The State Auditor, who is hired by the Louisiana Legislature, monitors public spending for more than 3,500 state and local governments and their related quasi-public enterprises. The annual report is required by law to identify for legislators the “significant issues” facing state and local government.
“I’m hopeful somebody will use it,” Purpera said. “I’m just trying to put the facts out.”
The goal is to encourage corrective action, such as policy changes or improved procedures, and increase both accountability and transparency in Louisiana government, Purpera said. “I’m not the policy guy, but you need to understand the full impact of what we are doing,” he said.
The report has three separate sections: one dealing with state government funding, another protecting the public trust, and a third on disaster recovery.
As credits reduced state revenues by $3 billion, income tax credits for individuals cost the state another $1.8 billion, according to the report.
Meanwhile, motion picture tax credits and the state’s expanded enterprise zone program originally designed to help with redevelopment of distressed areas are also costing the state tens of millions annually. The motion picture credit has a positive economic impact but a negative impact on state government, the report said. “Yes it’s creating jobs but the state is funding $25,000 for each of those jobs,” said Purpera.
The auditor’s report also recounted numerous instances of erroneous or improper payments being made through state programs, Purpera said underscores the need for improved procedures. Included were overpayments of severance tax refunds, payments to food stamp recipients who were not eligible to receive them and money being paid out for mental health services to individual who were deceased.
Initiatives that are aimed at making government services more efficient and less costly always come with risks. “Change has to be managed, implementation needs oversight,” Purpera said.

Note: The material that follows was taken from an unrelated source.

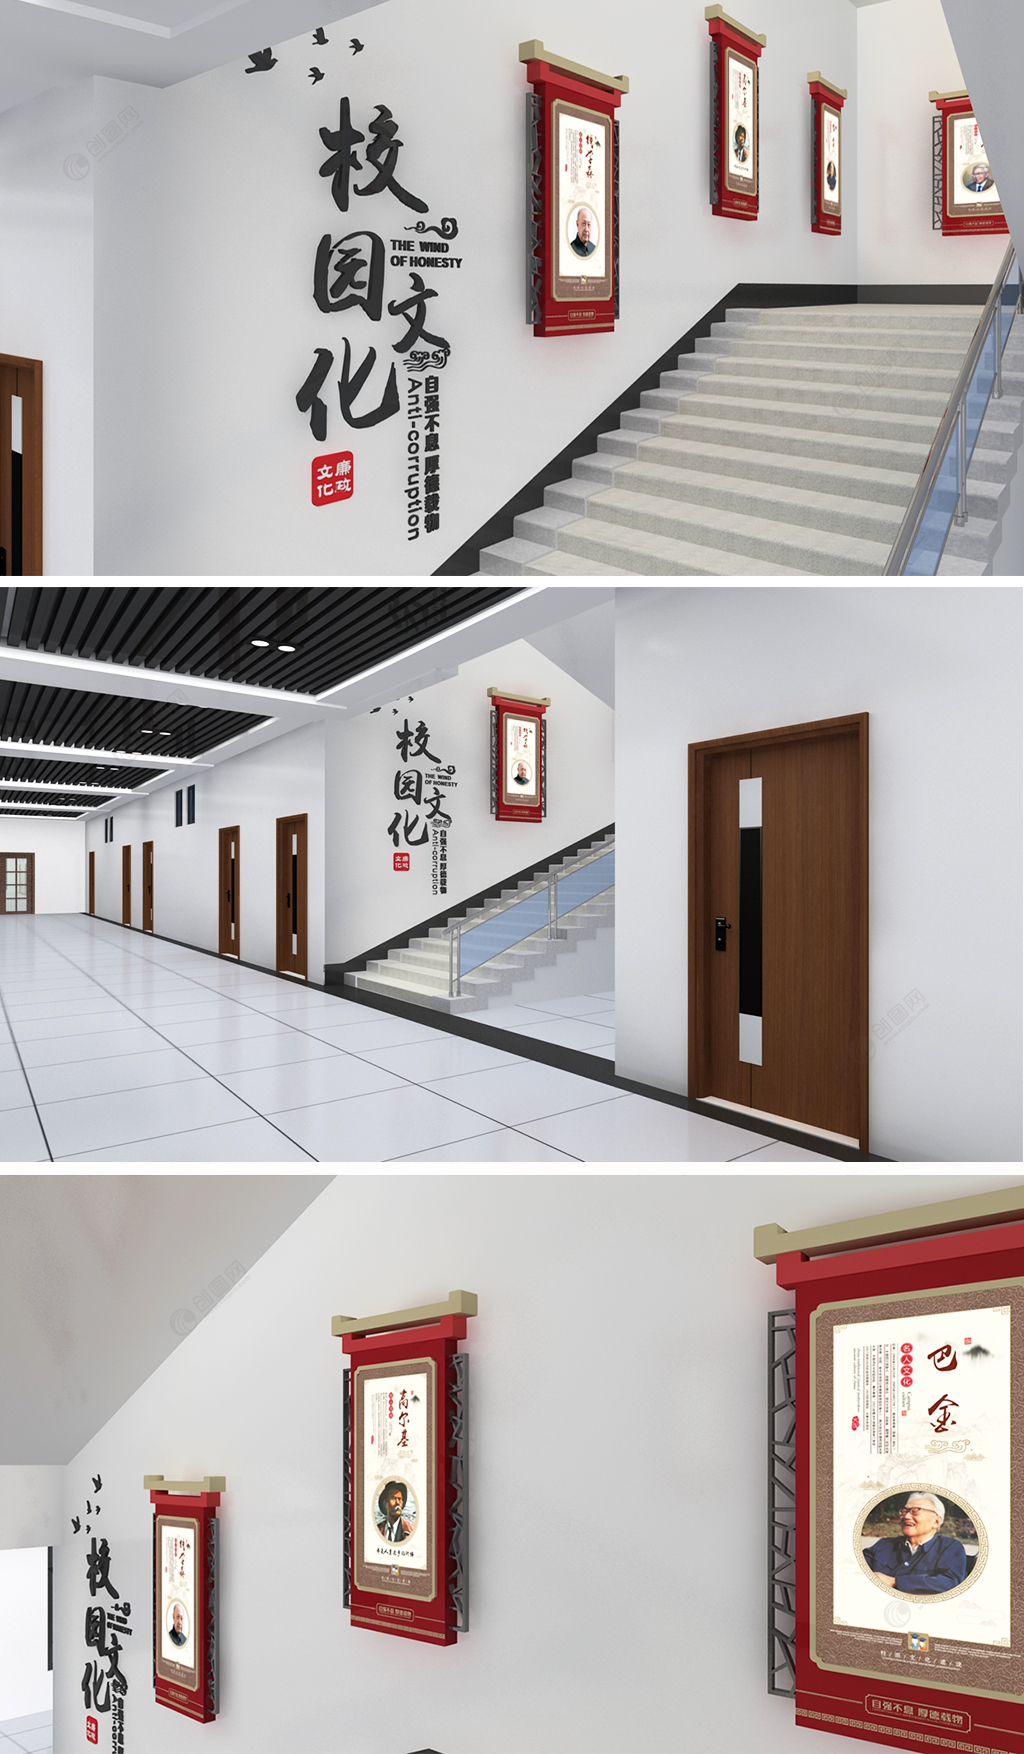 和谐楼道楼梯校园名人名言文化墙名人墙设计

Several audits conducted during 2013 that underscored the annual report’s theme. For instance, a May 2013 audit found that the state Department of Education did not adequately monitoring some operations of charter schools . The department did not verify that data used to calculate how charter schools are faring is reliable and failed to do all the required academic oversight. State education officials disputed some of Purpera’s conclusions.
Charter schools are public schools run by private boards. They are designed to offer innovative alternatives to traditional public schools. About 45,000 students attend 104 charter schools in 15 parishes, including East Baton Rouge.